You live by values whether you know it or not. You can identify your values by filling in the blank: It’s important to be ______. For example, it’s important to be hard working. It’s important to be respectful. You live by the values you feel are important.
There are also values that might be considered “negative values.” They would include, lying, selfishness, arrogance, procrastination, rudeness, disrespect, wastefulness and defiance. Children and adults adopt negative values for reasons that include:
- They haven’t been taught “positive values”
- They were taught negative values by watching someone model those values
- Negative values help them meet their need for personal power
Children learn values as they grow up. They learn values by watching and modeling mom and dad. They learn values from watching TV and movies, from their peers, and from social media.

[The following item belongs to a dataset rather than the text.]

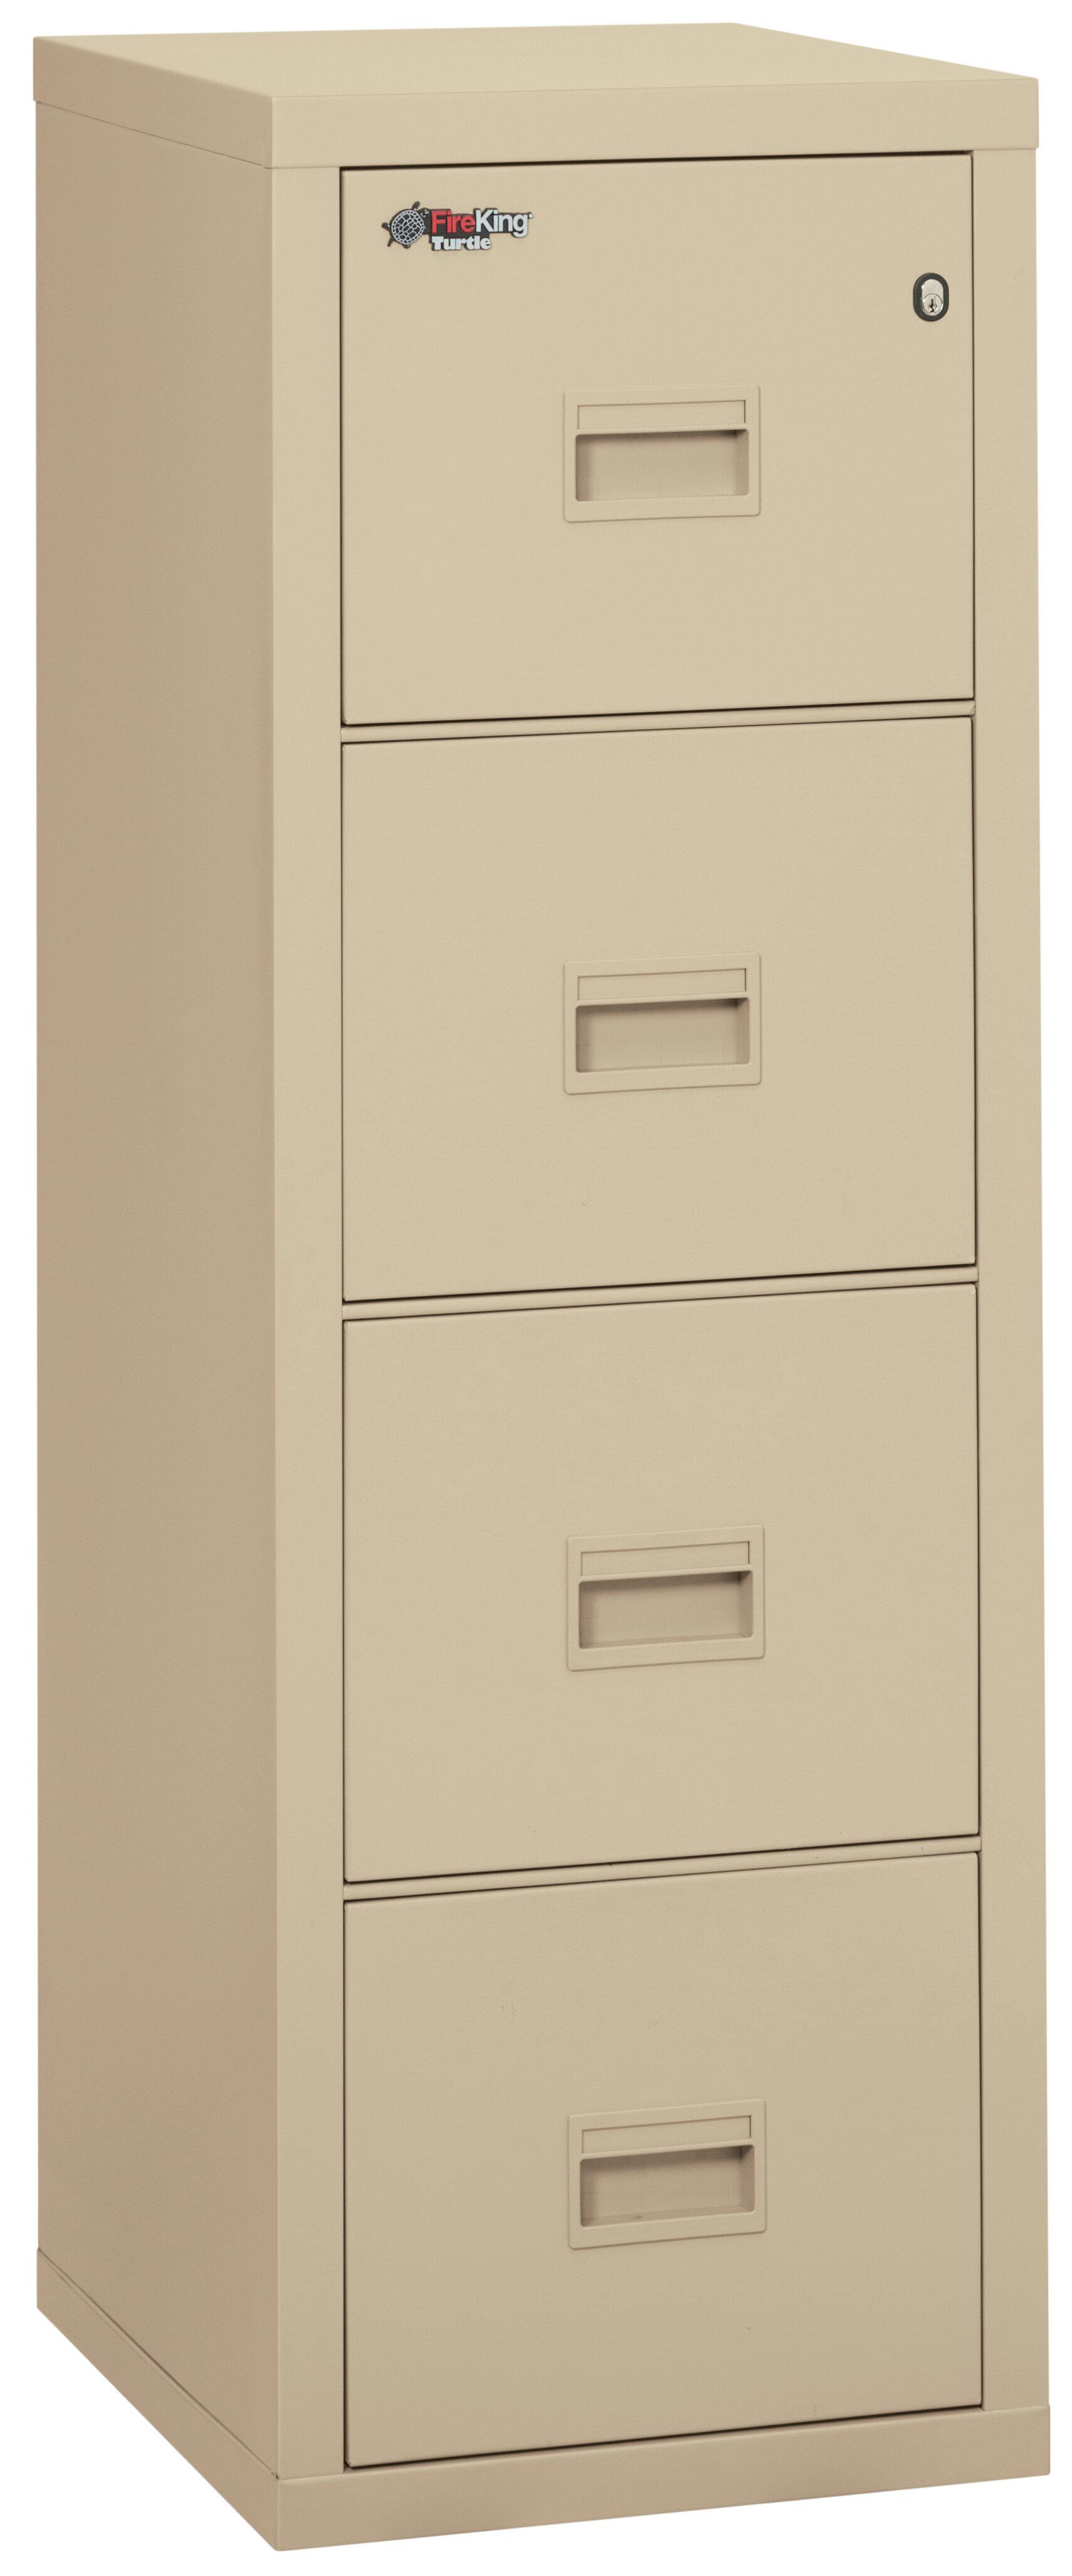 Ordinaire FireKing Turtle Fireproof 4 Drawer Vertical File Cabinet U0026 Reviews   Wayfair

If mom and dad do not model and teach their children positive values, their children will learn from people who may not have their best interest at heart.
Children who do not live by mom and dad’s values are destined to live by someone else’s.

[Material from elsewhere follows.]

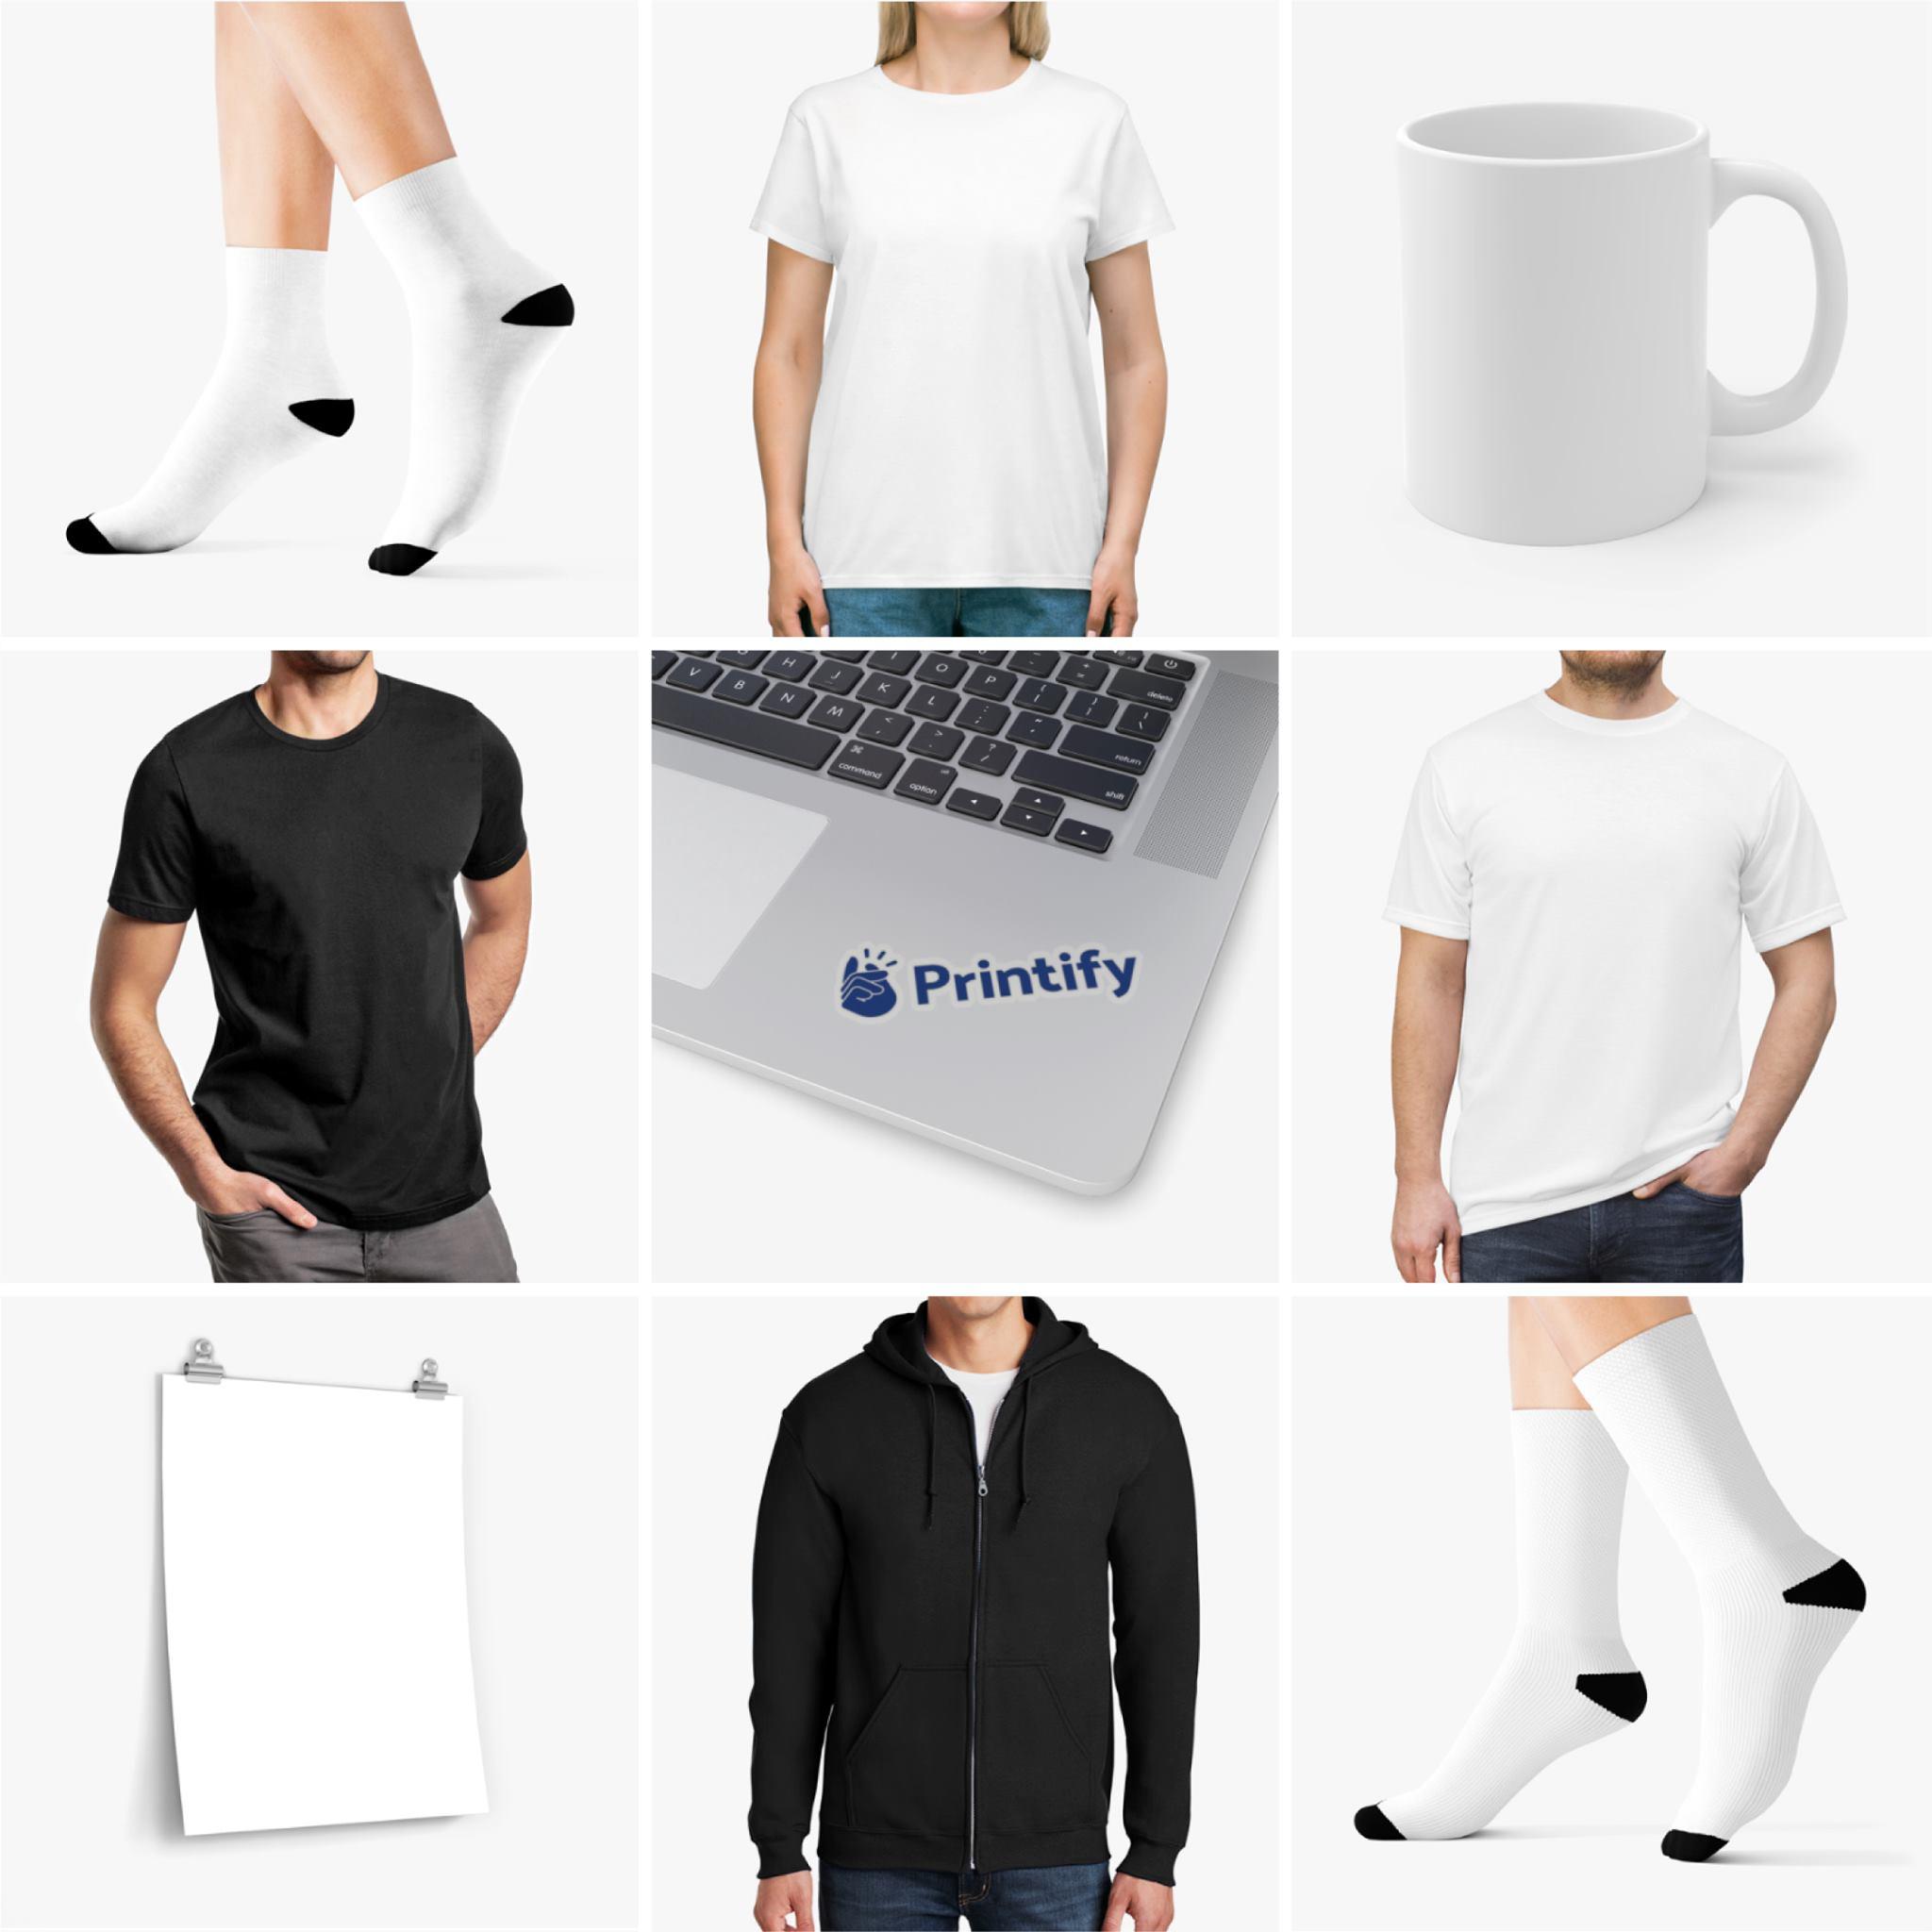 Printify support

For example, here are some values that children might learn from sources outside the family:
- It’s important to have power over women.
- It’s important to get revenge.
- It’s important to feel the rush of watching pornography.

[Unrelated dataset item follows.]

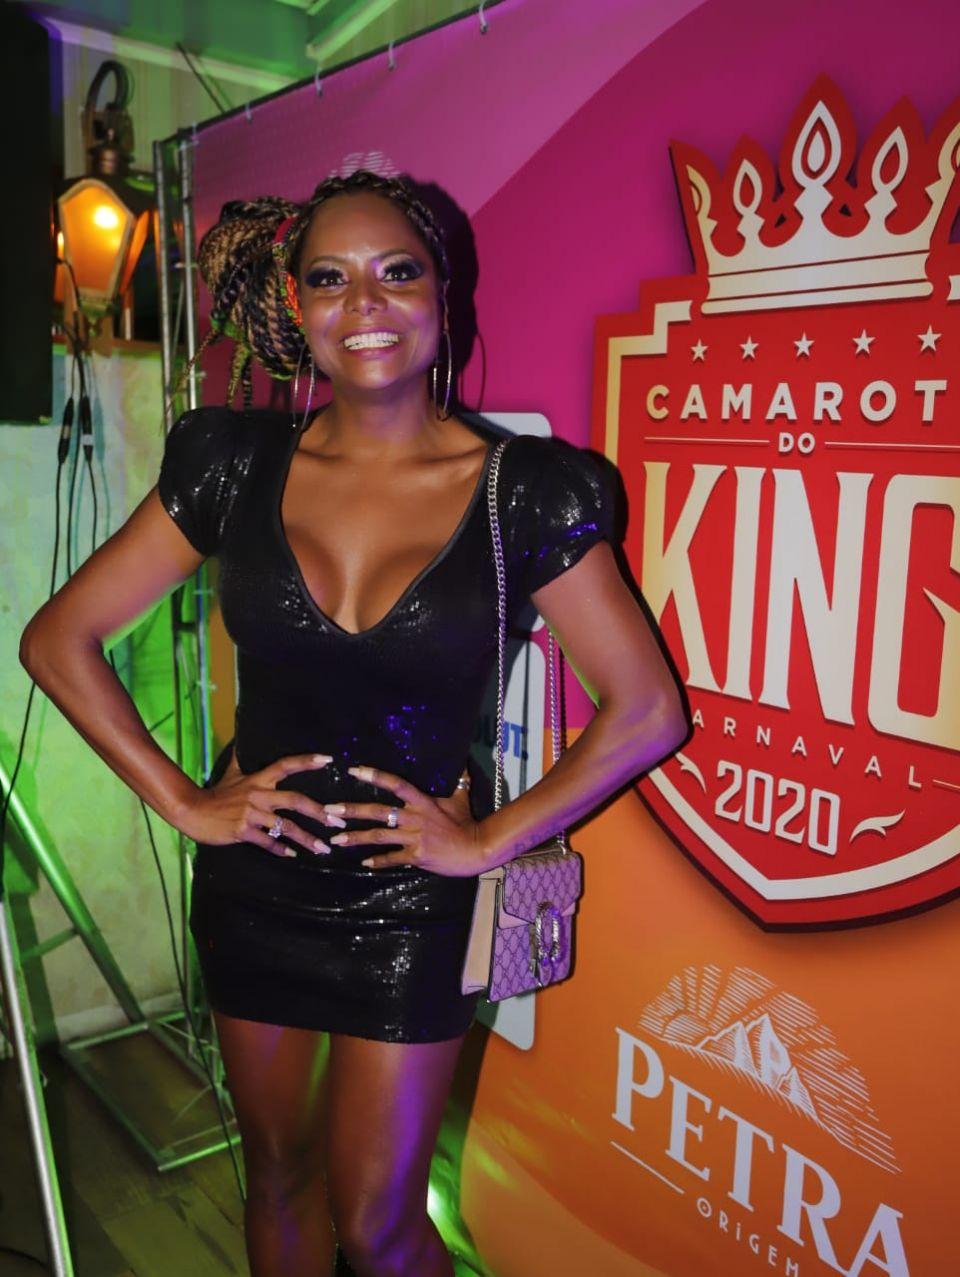 Adriana Bombom será a musa do Camarote do King neste Carnaval

- It’s important to numb emotional pain with drugs.
- It’s important to cheat in school.
- It’s important to receive peer approval by sexting or drinking alcohol.
- It’s important to do whatever brings immediate pleasure.
- It’s important to put down other people who are different than you are.
Parents need to pass good values on to their children. Here are the three steps to do that:
- Model the value
- Teach the value
- Give recognition when a value is practiced
Model the Value
Your kids are watching you. You are their model; their example. They learn by observing. Your example affects your children’s behavior more than telling them what to do. If you tell your kids not to smoke, drink, or swear, but you don’t model those behaviors yourself, they’re more likely to do those things when you’re not around.
Teach The Value
When you model a value, it’s easy to teach it. You simply talk about the value.
When do you talk about values? As soon as your children are old enough to understand. Where do you teach? Around the dinner table, at family meetings, while walking the dog together, when in the car together, when sitting around the campfire, when tucking kids into bed.
Give Recognition When the Value is Practiced
When you give attention to a behavior, that behavior is reinforced and the chance of that behavior being repeated increases. When a child does something good, you can give recognition to the value that is behind the behavior.
First, recognize the good behavior. “Wow! You really cleaned the kitchen.” Then tack on a value statement: “That was very thoughtful of you. “Thoughtful” is the value. By adding on a value statement, you reinforce the value, which encourages the child to repeat it.
Here are some more examples:
- Thank you for telling the truth. That shows honesty.
- Thank you for rocking the baby to sleep. That was very helpful of you.
- I saw you share your toy. That was very unselfish of you.
- I noticed that you didn’t hit your sister back. That showed a lot of self control.